--- Supplied information ---
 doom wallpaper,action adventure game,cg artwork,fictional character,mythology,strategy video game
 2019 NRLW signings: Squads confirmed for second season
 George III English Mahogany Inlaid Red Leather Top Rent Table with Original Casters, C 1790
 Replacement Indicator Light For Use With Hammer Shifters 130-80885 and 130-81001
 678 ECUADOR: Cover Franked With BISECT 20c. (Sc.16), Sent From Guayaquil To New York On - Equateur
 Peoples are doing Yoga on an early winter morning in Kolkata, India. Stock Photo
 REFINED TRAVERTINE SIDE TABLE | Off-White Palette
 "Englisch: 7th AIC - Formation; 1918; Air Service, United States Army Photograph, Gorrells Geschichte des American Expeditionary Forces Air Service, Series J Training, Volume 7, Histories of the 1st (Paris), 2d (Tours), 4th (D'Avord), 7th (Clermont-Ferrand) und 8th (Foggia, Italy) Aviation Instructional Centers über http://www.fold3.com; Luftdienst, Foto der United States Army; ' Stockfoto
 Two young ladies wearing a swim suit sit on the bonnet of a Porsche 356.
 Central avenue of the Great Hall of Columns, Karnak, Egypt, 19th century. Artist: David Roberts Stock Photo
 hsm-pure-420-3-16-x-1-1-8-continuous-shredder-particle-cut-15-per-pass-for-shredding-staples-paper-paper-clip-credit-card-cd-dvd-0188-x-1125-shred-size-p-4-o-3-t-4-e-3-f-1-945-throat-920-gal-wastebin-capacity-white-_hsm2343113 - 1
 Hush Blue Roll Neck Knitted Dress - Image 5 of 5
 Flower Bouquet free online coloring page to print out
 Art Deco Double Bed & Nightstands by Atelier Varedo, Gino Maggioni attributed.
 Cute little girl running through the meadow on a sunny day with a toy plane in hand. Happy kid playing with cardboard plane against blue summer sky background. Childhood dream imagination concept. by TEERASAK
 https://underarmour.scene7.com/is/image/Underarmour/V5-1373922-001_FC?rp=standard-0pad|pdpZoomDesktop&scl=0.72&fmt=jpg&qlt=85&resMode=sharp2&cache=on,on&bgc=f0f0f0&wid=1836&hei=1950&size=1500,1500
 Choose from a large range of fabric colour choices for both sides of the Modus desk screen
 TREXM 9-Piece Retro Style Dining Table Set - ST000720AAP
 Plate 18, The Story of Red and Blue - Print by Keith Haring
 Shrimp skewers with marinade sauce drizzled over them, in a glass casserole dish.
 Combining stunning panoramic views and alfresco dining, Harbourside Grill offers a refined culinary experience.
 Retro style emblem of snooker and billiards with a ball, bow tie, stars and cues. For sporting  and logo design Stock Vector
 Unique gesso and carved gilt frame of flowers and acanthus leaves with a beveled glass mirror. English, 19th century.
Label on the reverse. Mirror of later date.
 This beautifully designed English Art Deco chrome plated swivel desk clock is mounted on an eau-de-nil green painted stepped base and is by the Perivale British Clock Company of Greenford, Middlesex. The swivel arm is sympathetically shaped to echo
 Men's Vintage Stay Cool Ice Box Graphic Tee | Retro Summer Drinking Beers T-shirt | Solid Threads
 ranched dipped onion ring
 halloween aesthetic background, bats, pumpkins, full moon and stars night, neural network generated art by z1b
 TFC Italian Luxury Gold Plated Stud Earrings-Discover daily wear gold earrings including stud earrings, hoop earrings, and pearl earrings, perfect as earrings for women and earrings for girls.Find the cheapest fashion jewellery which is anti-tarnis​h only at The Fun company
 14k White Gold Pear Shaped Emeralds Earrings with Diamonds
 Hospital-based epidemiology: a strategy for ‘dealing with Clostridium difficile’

--- What this task involves ---
The expected output is one number, the tally of lines above containing "size".

--- Completed exercise ---
2